Erdal Güven

Tarih: 07.06.2025 11:42

İnkar kalesi yıkılmaz

Facebook Twitter Linked-in

Şimdi bu adam ne saçmalıyor diyebilirsiniz ama inanın ben de CHP’nin çakma Goebbels’inin kurbanıyım. 

Özgür Özel’in adı, CHP’nin başına geçtiğinden bu yana “değişim”le birlikte anıldı. Oysa bugün karşımızda duran tablo, değişim değil, tam anlamıyla inkâr rejimi. İstanbul Büyükşehir Belediye Başkanı ve yakın kadrosunun tutuklandığı bu skandal karşısında Özel’in verdiği tepkiler yalnızca yetersiz değil; aynı zamanda tehlikeli.

“Bize kumpas kuruldu.”

“Bu arkadaşlar suç işlemiş olamaz.”

“Bir yanlışlık vardır.”

Peki, sormazlar mı: Nereden biliyorsun Sayın Özel? Mahkeme misin sen?

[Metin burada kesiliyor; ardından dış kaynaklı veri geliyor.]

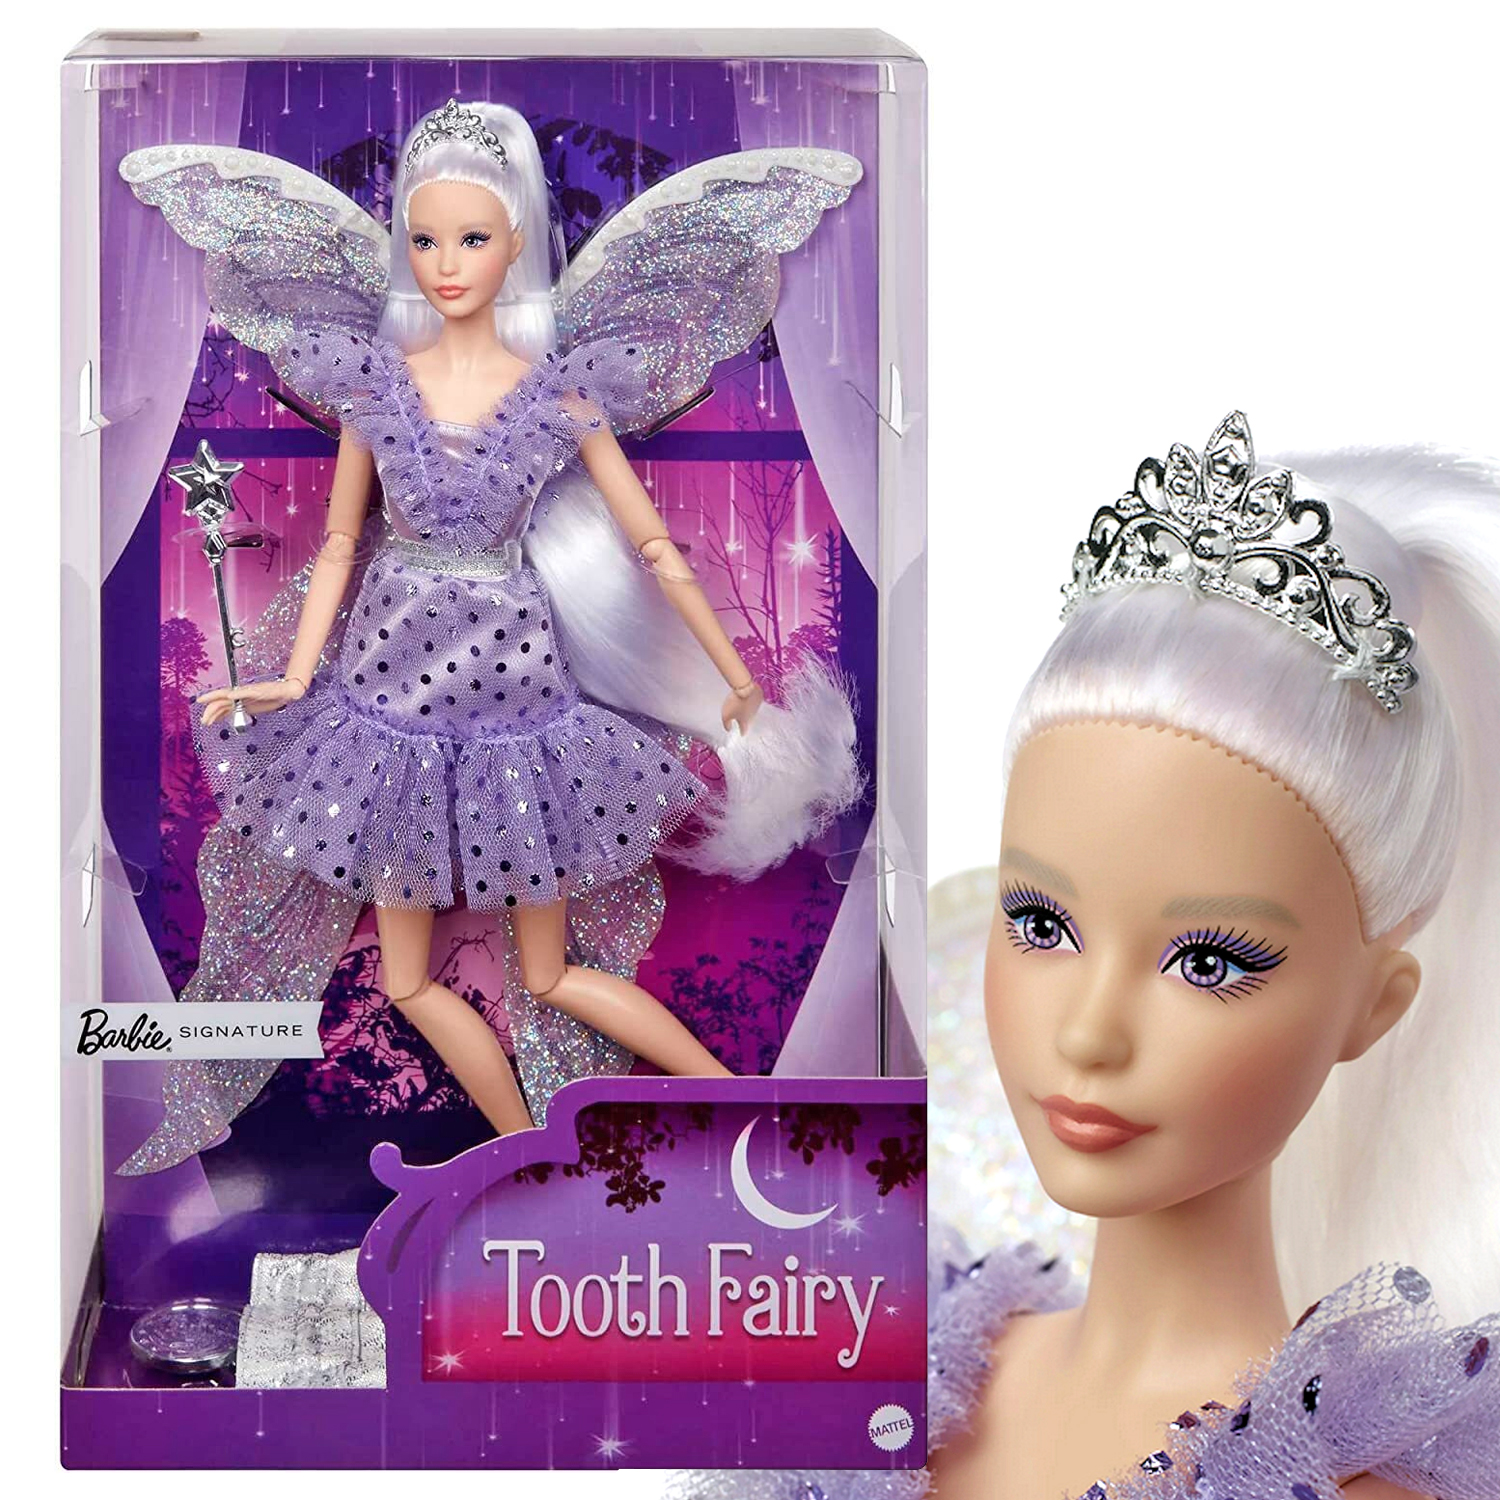 Кукла коллекционная Barbie Фея Barbie Signature Tooth Fairy

Yoksa bu partinin içine dönük bir özeleştiri mekanizmasını çalıştırmaktan bu kadar mı acizsin?

İnkâr, siyasal liderliğin en sinsi düşmanıdır. Freud’un ve Klein’ın yazdıkları raflarda tozlanırken, Türkiye’deki muhalefet bu kavramların canlı örneklerini sergiliyor. Özgür Özel’in durumu da tam olarak bu: Gerçeği görmemek için her tür savunmayı devreye sokmak, partiyi steril bir hayal dünyasında yaşatmak. Kırılgan bir çocuk gibi davranmak, ama koca bir partiyi yönetmeye kalkışmak.

Tamam, anlıyorum çok basit bir gerçek “inkâr kalesi yıkılmaz” derler ama: İnkâr öyle basit bir şey değil; kolektif bilinçdışını zehirleyen bir salgın. Bugün çakma Goebbels nedeniyle CHP’nin yaşadığı şey de tam olarak bu: Liderin inkârı, seçmenin algısını felç ediyor. Gerçeği görenler “hain” yaftasını yiyor, parti içindeki klikler ise bu inkâr zemininde rahatça at oynatıyor.

Bir parti lideri düşünün: En yakınındaki belediye başkanı suçla anılıyor ama o hâlâ “arkasında duruyorum” diyerek meseleyi kişiselleştiriyor. Hukuku savunmuyor, dostlarını savunuyor. Sanki parti değil, bir arkadaşlık kulübü yönetiyor. Bu mudur kurumsallık?

Şimdi buradan soralım:

Kılıçdaroğlu döneminde her türlü pasifliğe veryansın eden “değişimciler”, bugün bu inkâr tablosunun neresindeler? Bu sessizlik, bu kabullenmişlik, bu “mış gibi” yapmalar neyin nesi?

Özgür Özel, Türkiye siyasetinde bir kırılma yaratmak için geldi. Oysa bugün yaptığı şey, CHP’yi “gerçeklikten kaçış partisi”ne dönüştürmekten başka bir şey değil. Çünkü gerçekliği kabul etmek, yalnızca partiyi değil, kendi liderliğini de sorgulamayı gerektirir. Ve belli ki buna cesareti yok.

Gerçekle yüzleşmeyen bir lider, yalnızca bugünü değil, geleceği de çürütür. CHP’nin bugünkü durumu, işte tam da bu çürümenin semptomudur. Ne iddiası kaldı partinin, ne de vicdanı. Sadece bir grup yöneticinin, çıkar ilişkileri ve eski dostlukları uğruna sergilediği inkâr tiyatrosu.

Ve bu tiyatronun perdesi er ya da geç kapanacak. O zaman Özgür Özel’e de, onu destekleyenlere de bir tek soru kalacak:

Yargı kararlarını red ederek inkar politikalarınız nedeniyle arkanızda bıraktığınız bu Parti enkazını kim temizleyecek.